When you think of Bright Eyes,
what comes to mind? Well most of the natural details can be named here easily: tinny, cracking voice, insufficient and girlish physique, timpani, and unbearably emotional lyrical work. His voice does nothing to prevent that so, of any Indie musician of modern day
it’s unlikely one can match Conor’s excessively unhappy voice. His emotion captures a legion of listeners and forges a wall around them, becoming a group unto which was bestowed…the ability to both take in and understand ‘Bright Eyes’. A very controversial (when it comes to the music, not actual physical activity) type of music they write, Bright Eyes is one of the more ‘experimental’ groups you can dig up these days, for lack of a better word. I say this because mostly Conor’s organization likes to employ everything you expect in different ways, to the point where it’s so unlikely and innovative that you just can’t help in listening. To call out a few of these things, a lot of the time horns are popular amongst the band, semi-hollow body guitars, large drum sets, and various other stringed instruments. Seen it all before, right? Yep. Heard it all before? No. Not when it comes to Bright Eyes. On this album the band asks themselves (or rather Conor) what can they do to make a formulaic song into a very influentially awesome track? The band sounds as though they should be the leaders of an imminent Indie revolution. Unfortunately this is not the case and Bright Eyes, whilst prominently glowing with positive energy can’t seem to grasp everyone. We all know (or rather, should
) that certain music isn’t for everyone, and opinions count verily. But it’s sad. Bright Eyes are such a clearly potential racking group, and they together (Conor isn’t the only mastermind, although, he may seem that way in the studio he can’t hold his own on stage) created a bowl of intrigue with this one.
The best parts of a Bright Eyes album come in different forms, the most highly showcasing being above all lyrics,
guitars, and those jazzy instruments they incorporate a hell of a lot of the time. Oh.
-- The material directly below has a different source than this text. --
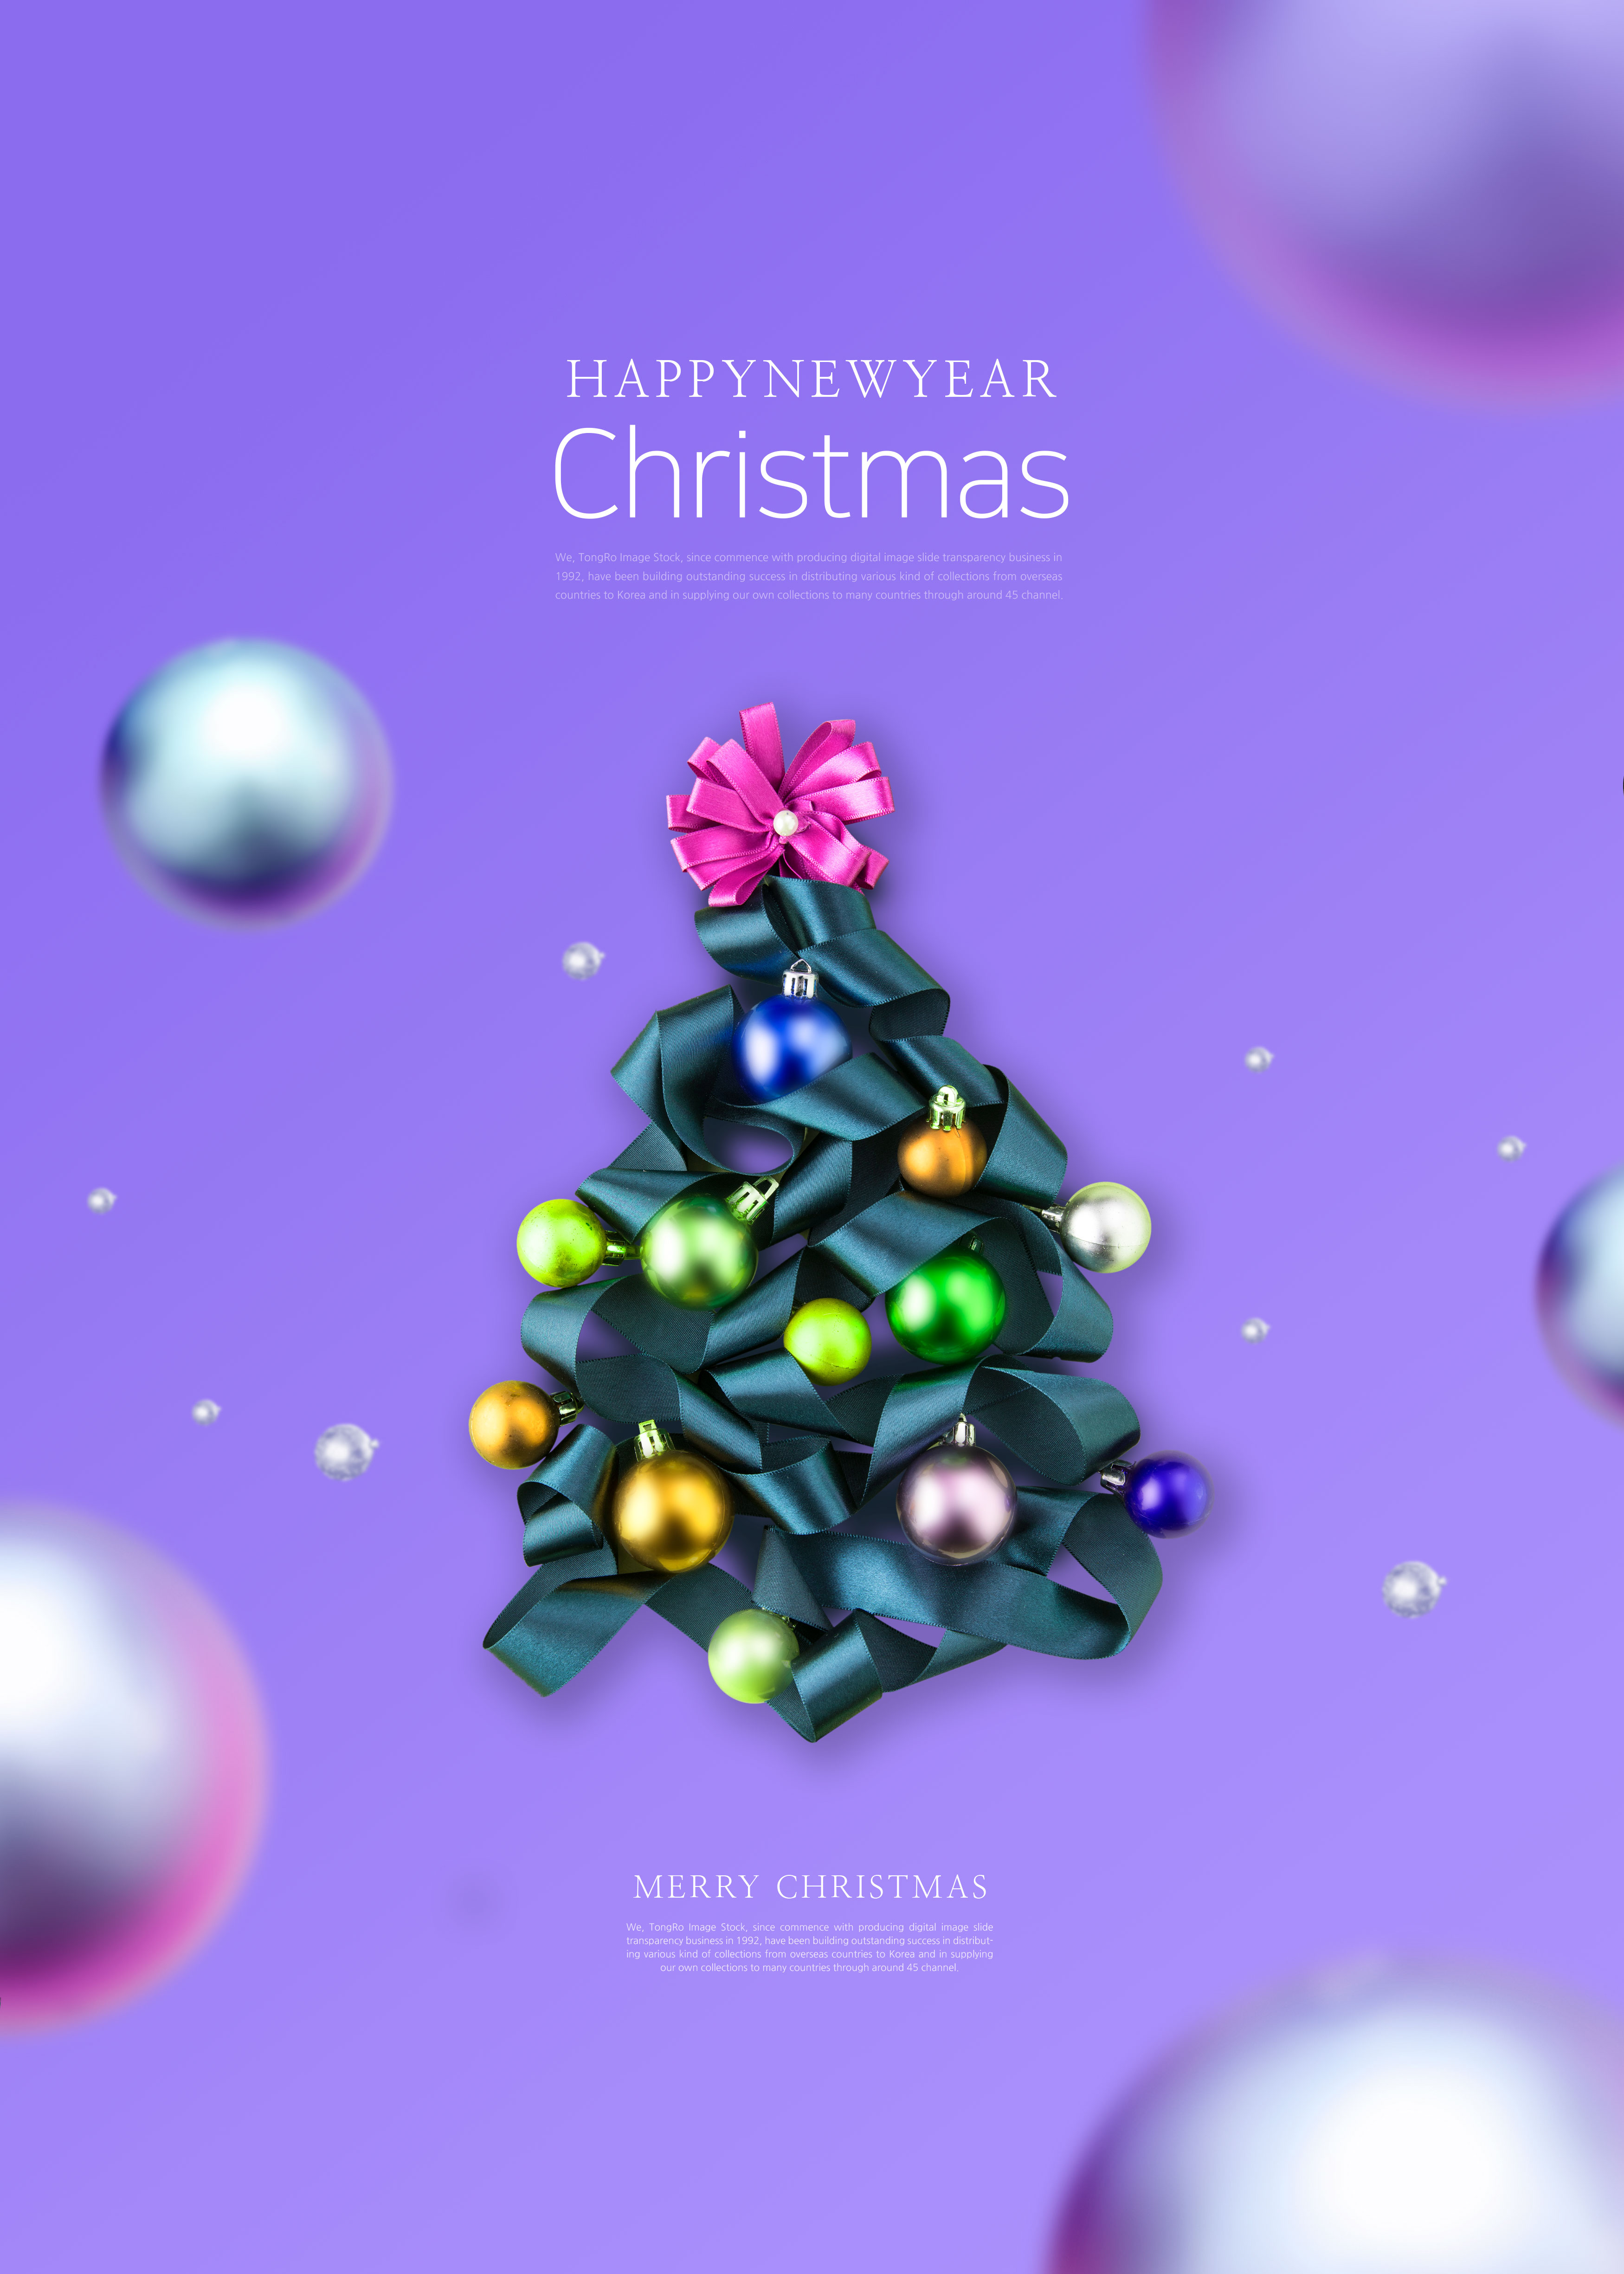 彩球圣诞树圣诞祝福海报/传单psd素材插图

And vocals, as well (of course). Conor is a very shady character, or so he likes us to think, so he enjoys putting this attitude in his music. Obviously it shows to an extent, but the deeper you listen you can see something so very touching, and gut twistingly beautiful.
A Line Allows Progress, A Circle Does Not
is the album’s kickoff tune. Its very good, in fact was at one point my favorite Bright Eyes song. It ties in very well with the rest of [i]Every Day and Every Night[i] like the entire album does to itself. If you listen to this song, I guarantee you a good idea of what Bright Eyes is all about. It’s pretty unlikely to not get that feel from most any of his songs, but this one definitely stands out as one of his gems. A fine representation of his signature acoustic guitar style, very mellow and dreary, accompanied by a both high pitching and low, sad voice courtesy of Conor. See, his songs are like AC/DC’s and Nick Drake’s in a sense; that they really sound very alike, but at the same time find a source to build upon that makes it that much different than all his other songs. A different message being conveyed with the same theme, under the same influence, at the same place by the same person. But it’s a diary of sorts. All of his albums can relate to that, exactly as, he writes diaries and makes them into music. Like a true emo (no, no no…).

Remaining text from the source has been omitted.